The Upper Paleolithic period, 10,000-50,000 years ago, is the age of hunter-gatherers, rapidly growing more sophisticated and cooperative. It's also the end of the Ice Age. The Last Glacial Maximum peaked out around 27,000 years ago, and a rapid thawing began 20,000 years ago, causing a 420-foot rise in sea levels, transforming the global environment, and leading to the Pleistocene extinction event that wiped out most large mammal species, and left two apex predators across most of the globe: humans and wolves.
The Neolithic period began about 10,000 years ago with farming and herding, which led to permanent communities, and eventually land ownership, nation-states, and space travel.
Canine psychology, largely neglected for most of the 20th century, has flourished in the past dozen years. Here are a few highlights:
Animals in Translation: Using the Mysteries of Autism to Decode Animal Behavior (Temple Grandin, Catherine Johnson, 2006).

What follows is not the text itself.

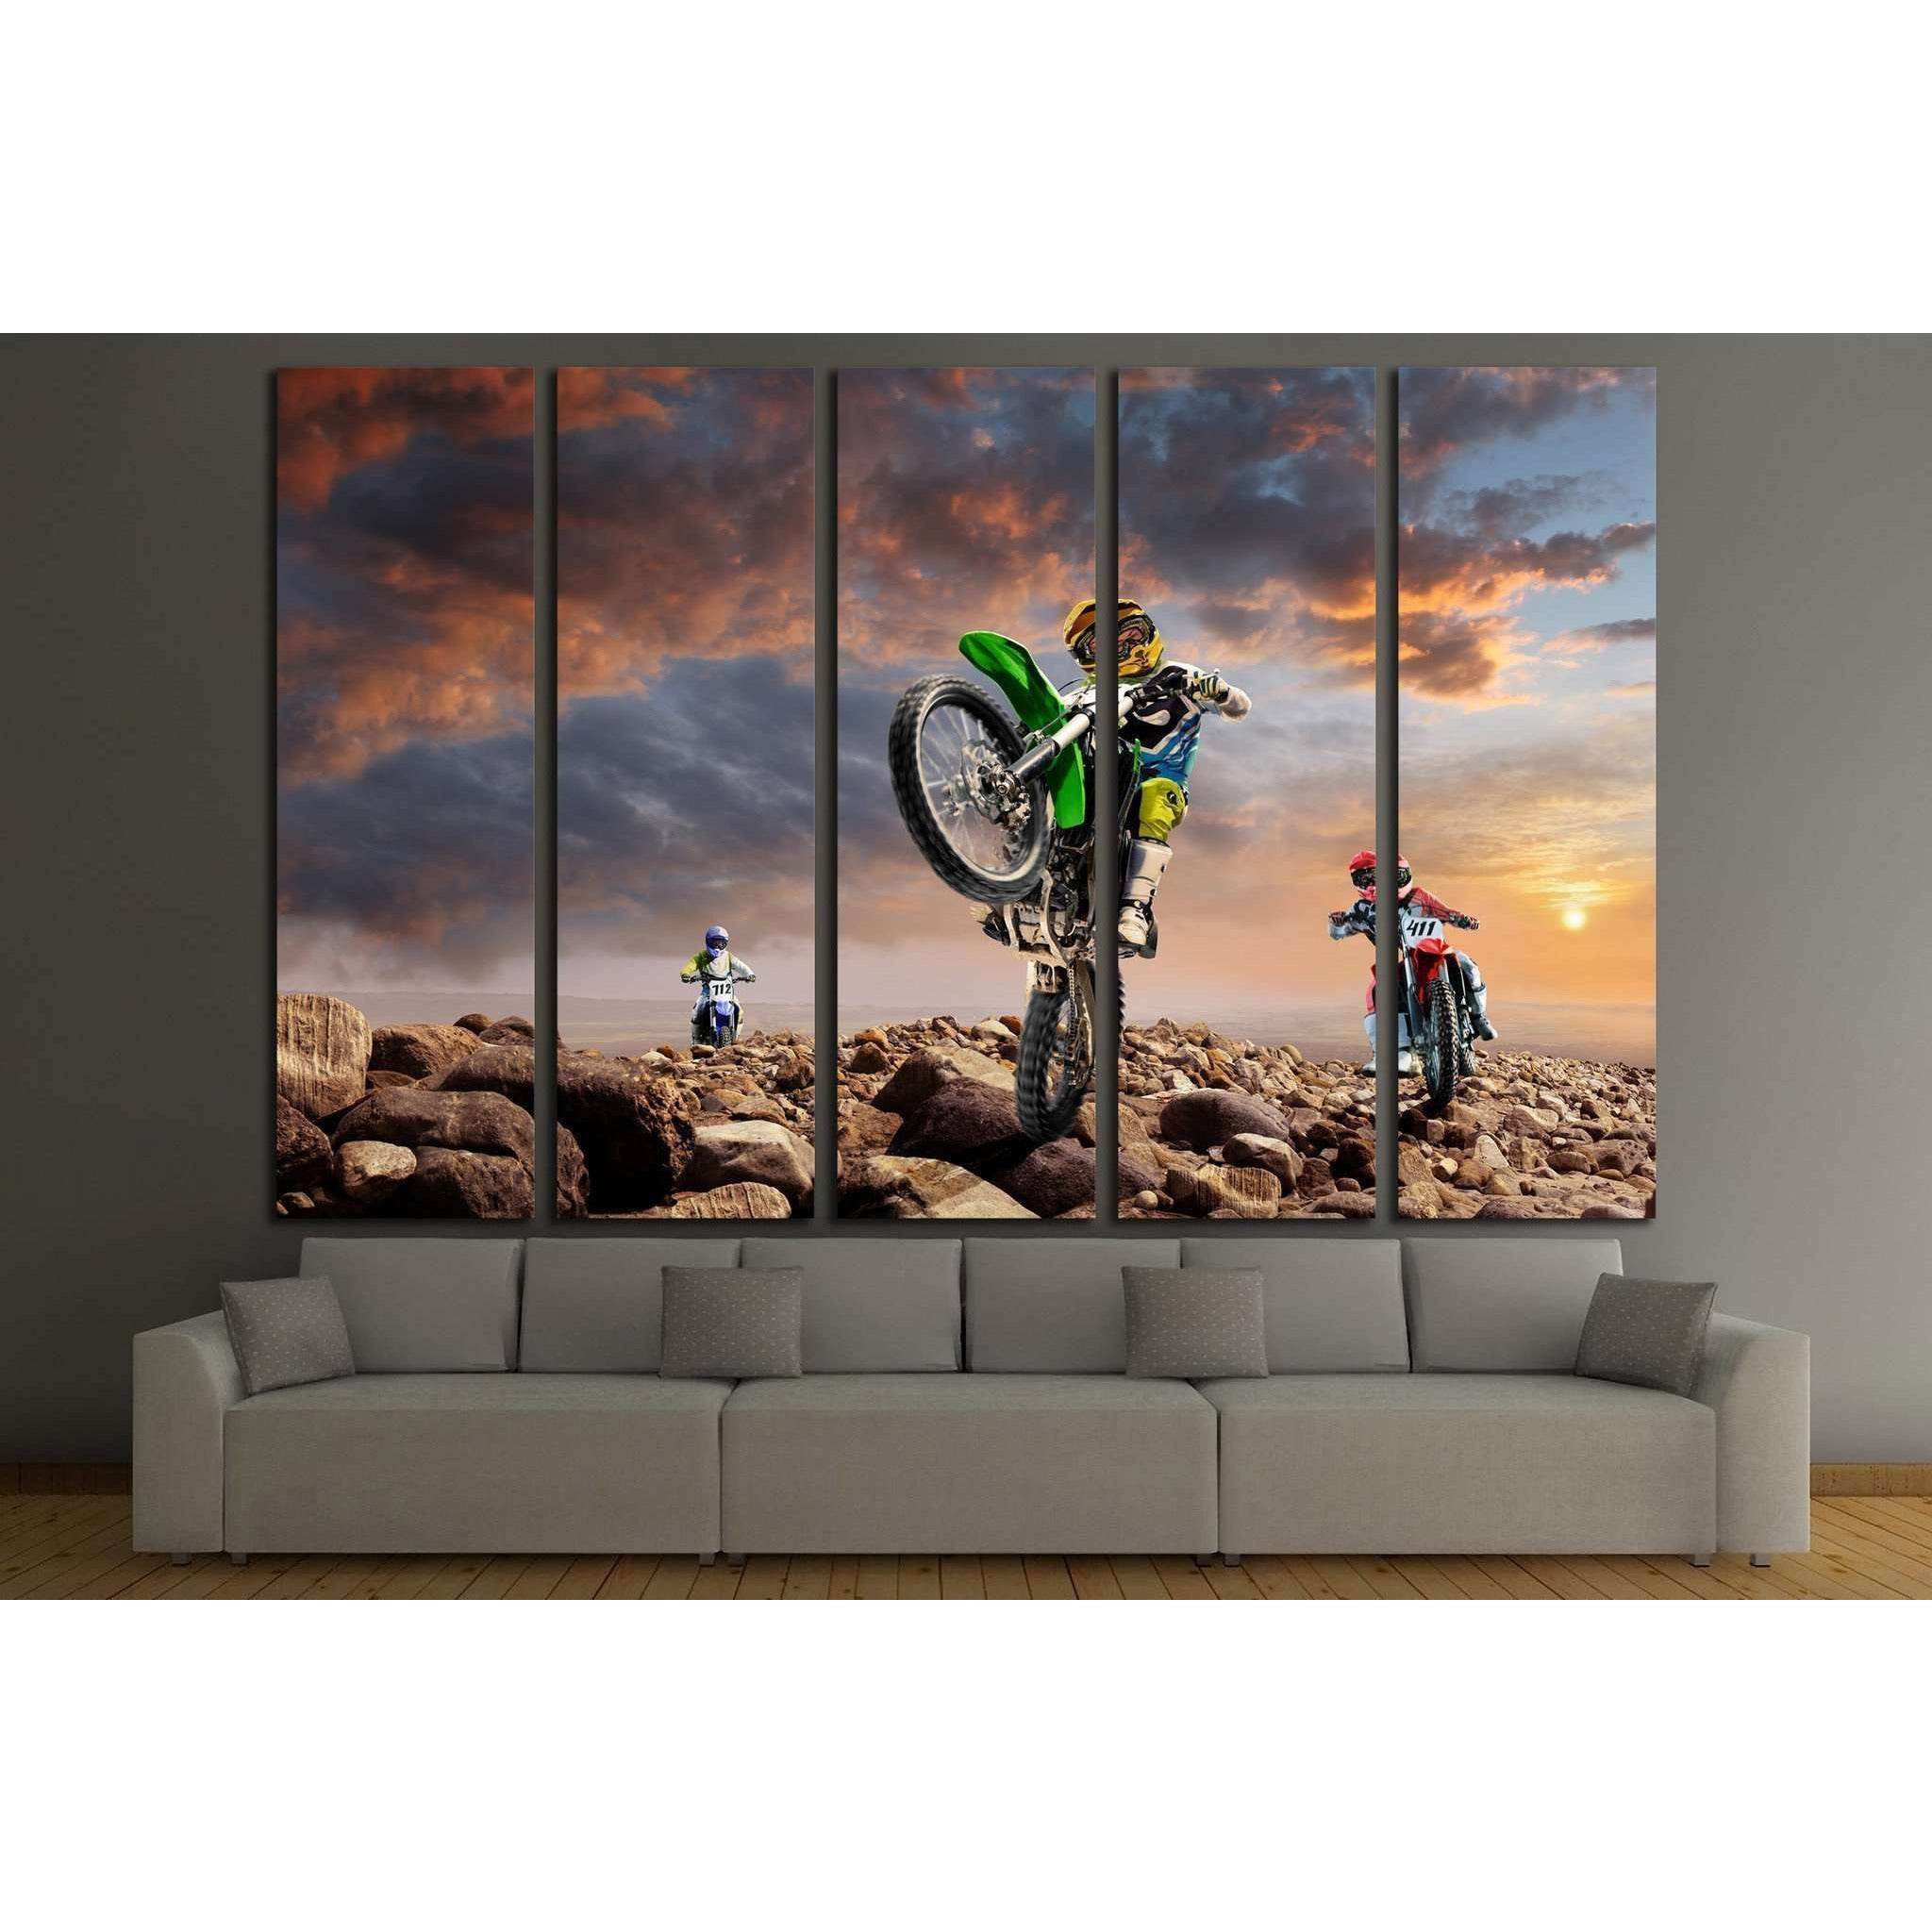 Professional dirt bike riders on top of vulcan №1890 Ready to Hang Canvas Print

A seminal work in the new wave of animal psychology; all else follows from this.
Animals Make Us Human: Creating the Best Life for Animals (Temple Grandin, Catherine Johnson, 2010). They're not dumb beasts, but they don't think like us; we can all get along better if we understand that.
The Genius of Dogs: How Dogs Are Smarter Than You Think (Brian Hare, Vanessa Woods, 2013). Dogs aren't great at basic cognition tests, but they excel in reading human faces and verbal and nonverbal cues; they've adapted specifically to work with the most successful species around.
Inside of a Dog: What Dogs See, Smell, and Know (Alexandra Horowitz, 2009). Dogs seem to understand us pretty well, but the way they see the world is very different from the way we do. A lively mix of scientific data and personal observation of her own "two large, highly sniffy dogs."
Being a Dog: Following the Dog Into a World of Smell (Alexandra Horowitz, 2016). It's all about the nose: how they sniff, how they store odors, how they make sense of the world.
How the Dog Became the Dog: From Wolves to Our Best Friends (Mark Derr, 2011). Following the evolutionary past, Derr argues that the dog has been innate within canids since time immemorial.